These rules are used for building R packages with Bazel. Although R has an excellent package management system, there is no continuous build and integration system for entire R package repositories. An advantage of using Bazel, over a custom solution of tracking the package dependency graph and triggering builds accordingly on each commit, is that R packages can be built and tested as part of one build system in multi-language monorepos.
These rules are mature for production use. We use these rules internally at GRAIL to build 400+ R packages from CRAN and Bioconductor.
The following assumes that you are familiar with how to use Bazel in general.

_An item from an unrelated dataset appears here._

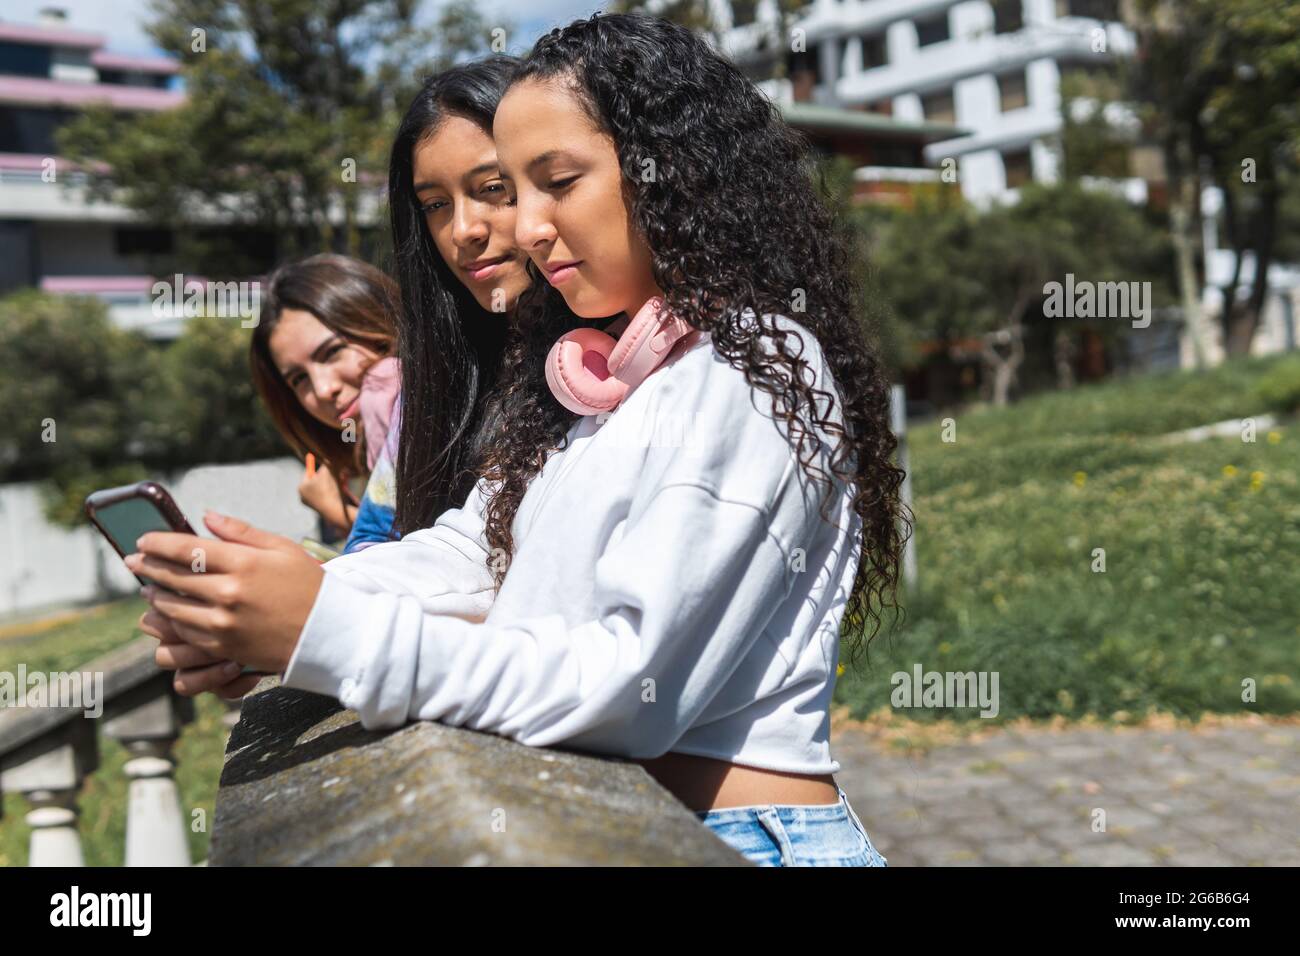 Ein lockiges Teenager-Mädchen und ihre Freundin mit brünettem Fell interagieren mit ihrem Handy, während ein anderes Mädchen sie in einem zweiten Einschuss unscharf sieht Stockfoto

To begin, you can add the following or equivalent to your WORKSPACE file:
# Change master to the git tag you want.
http_archive(
name = "com_grail_rules_r",
strip_prefix = "rules_r-master",
urls = ["https://github.com/grailbio/rules_r/archive/master.tar.gz"],
)
load("@com_grail_rules_r//R:dependencies.bzl", "r_register_toolchains", "r_rules_dependencies")
r_rules_dependencies()
r_register_toolchains()
You can load the rules in your BUILD file like so:
load("@com_grail_rules_r//R:defs.bzl",
"r_pkg", "r_library", "r_unit_test", "r_pkg_test")
There are also convenience macros available which create multiple implicit targets:
load("@com_grail_rules_r//R:defs.bzl", "r_package")
and
load("@com_grail_rules_r//R:defs.bzl", "r_package_with_test")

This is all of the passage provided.